Baseline oxytocin levels of mothers and fathers did not differ between parents of typically developing children and those with ASD (t (77) = 0.34 and 0.51 for mothers and fathers respectively, not significant (ns)). On the other hand, children with ASD showed lower baseline oxytocin compared with the TD group and these lower levels were found during sessions with both mother (t (77) = 2.48, P>0.05) and father (t (77) = 2.27, P<0.05) (Fig. 1(a) and (c)). These findings provide test-retest support to our central hypothesis - that the oxytocin system is already dysfunctional in ASD in early childhood. Baseline levels of oxytocin were individually stable between mother-child and father-child sessions in both the TD (r = 0.47, P<0.01) and ASD group (r = 0.51, P<0.001). The two assessments were averaged into a single baseline measure, which, as expected, was lower in children with ASD compared with the TD group (t (77) = 2.53, P<0.05).

Fig. 1 Oxytocin levels in mothers, fathers, and children during mother-child and father-child interactions in the autism spectrum disorder (ASD) and typical development (TD) groups; (a) child with mother; (b) mother; (c) child with father; (d) father.

Oxytocin samples were assessed at: T 1 (baseline), 10 min after home arrival; T 2, 20 min after parent-child contact; T 3, 45 min after parent-child contact; and T 4 (recovery), 15 min after termination of parent-child contact. *P<0.05.

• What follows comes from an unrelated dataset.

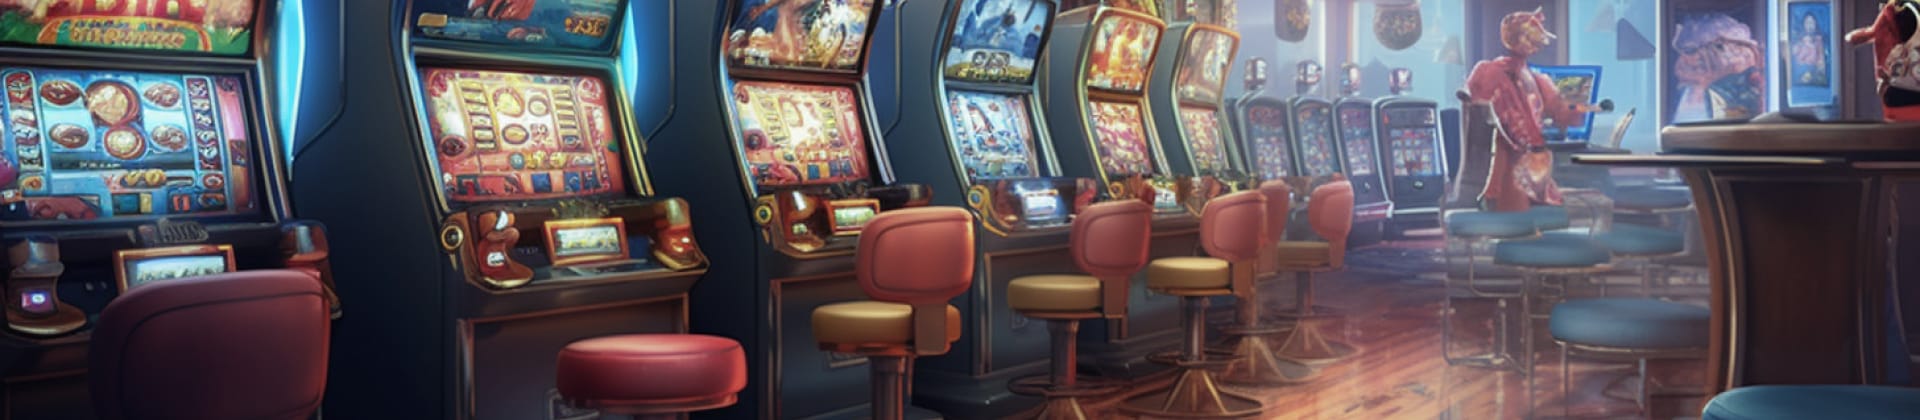 Casinos with cryptocurrency support

To assess the effects of time (change in oxytocin across assessments), parent (mother, father) and group (ASD, TD) on oxytocin production, a repeated-measure ANOVA was computed, with child oxytocin and parent as within-subject factors and group as between-subject factor. Results showed a main effect for time (F (d.f. = 6, 70) = 3.77, P = 0.011, effect size (ES) = 0.098), no effect for parent, and a main effect for group (F (d.f. = 2, 74) = 3.31, P = 0.035, ES = 0.079). These results indicate that oxytocin levels changed over time and that there were group differences in oxytocin. A time × group interaction effect was found (F (d.f. = 6, 70) = 3.42, P = 0.029, ES = 0.088), indicating that the change in oxytocin over time depended on group membership. Post-hoc analyses for child-mother interactions (Fig. 1(a)) showed that the aforementioned lower levels of oxytocin at baseline in the ASD group significantly increased following the initiation of social contact, and differences between TD and ASD groups were no longer found at both T 2 (20 min of contact) (F (1, 77) = 0.76, ns) and T 3 (45 min of contact) (Fig. 1(a)) (F (1,77) = 0.59, ns). However, the enhanced oxytocin levels declined at recovery and significant group differences were found again at T 4 (F (1, 77) = 3.82, P<0.05). Similar post-hoc analyses for child-father interaction showed the same pattern. After significantly lower levels of oxytocin at baseline among the ASD group, oxytocin levels increased and no differences were found at T 2 (F (1, 77) = 0.94, ns) and T 3 (F (1, 77) = 0.28, ns). However, oxytocin levels in the ASD group showed a significant decline after contact ended and group differences emerged again at T 4 (F (1, 77) = 4.02, P<0.05 (Fig. 1(c)). These findings demonstrate that during extended periods of contact with the mother or father, lower baseline oxytocin levels in children with ASD increase and reach normative levels, but that the effect lasts only as long as contact is maintained, and oxytocin returns to baseline 15 min after the termination of contact. Importantly, for typically developing children, change between one oxytocin assessment and the next did not exceed 10%.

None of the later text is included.